Glen John Provost (born August 9, 1949) is an American prelate of the Roman Catholic Church who has served as the bishop of the Diocese of Lake Charles in Louisiana since 2007.

Biography

Early life 
Glen Provost was born on  August 9, 1949, to Cyrus and Sadie Marie Blanchet Provost in Lafayette, Louisiana. He received a Bachelor of Arts in English Literature from Saint Joseph Seminary College in Covington, Louisiana, in 1971.  Provost continued his studies in Rome while living at the Pontifical North American College. In 1974, he was awarded the a Bachelor of Sacred Theology degree from St. Thomas University in Rome and a Licentiate in Sacred Theology in 1975. In 1981, Provost earned a Master of Arts in English Literature from the University of Louisiana-Lafayette in Lafayette, Louisiana.

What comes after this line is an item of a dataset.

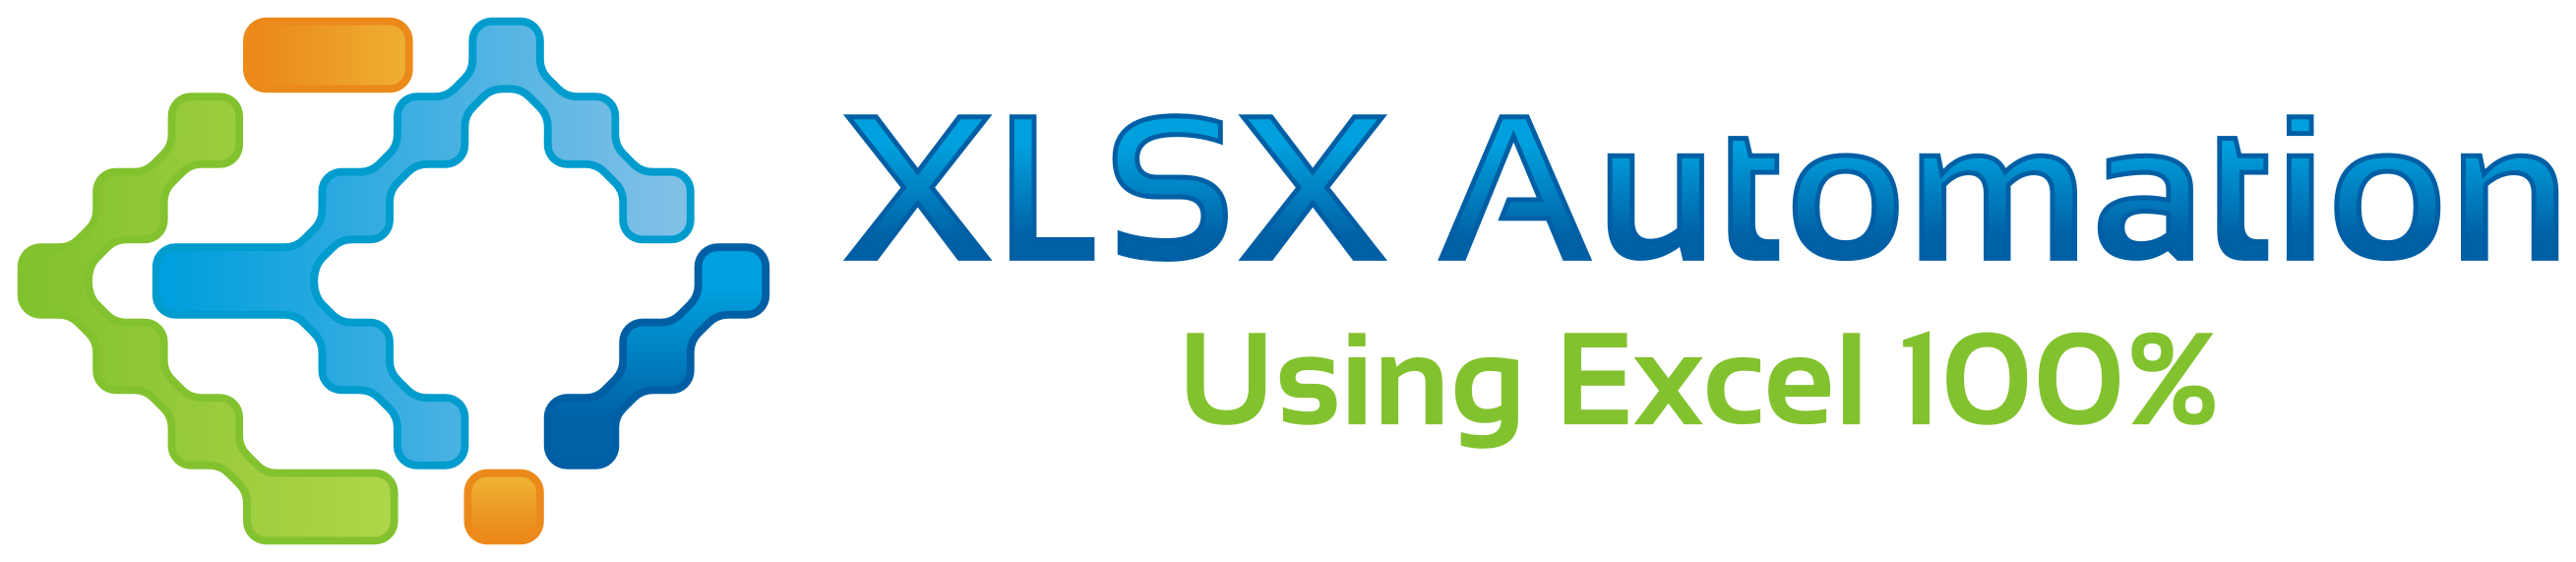 XLSXAutomation logo

Provost's later studies include work at Institut Catholique in Paris (1972: French language); the University of London (1980: Victorian language); the Don Quixote Institute in Salamanca, Spain (1997: Spanish); the Istituto Santa Maria in Rome (1971: Italian); and archaeological study tours to Syria, Jordan and Turkey.

Provost was ordained to the priesthood for the Diocese of Lafayette by Pope Paul VI on June 29, 1975 in St. Peter’s Basilica in Vatican City.

Bishop of Lake Charles
Provost was appointed bishop of the Diocese of Lake Charles by Pope Benedict XVI on March 6, 2007.  He was consecrated,on April 23, 2007, with Archbishop Alfred C. Hughes as principal celebrant. His installation brought to a close the two-year 'sede vacante' the diocese experienced after his predecessor, Bishop Edward Braxton, was appointed Bishop of Belleville, Illinois, on March 15, 2005.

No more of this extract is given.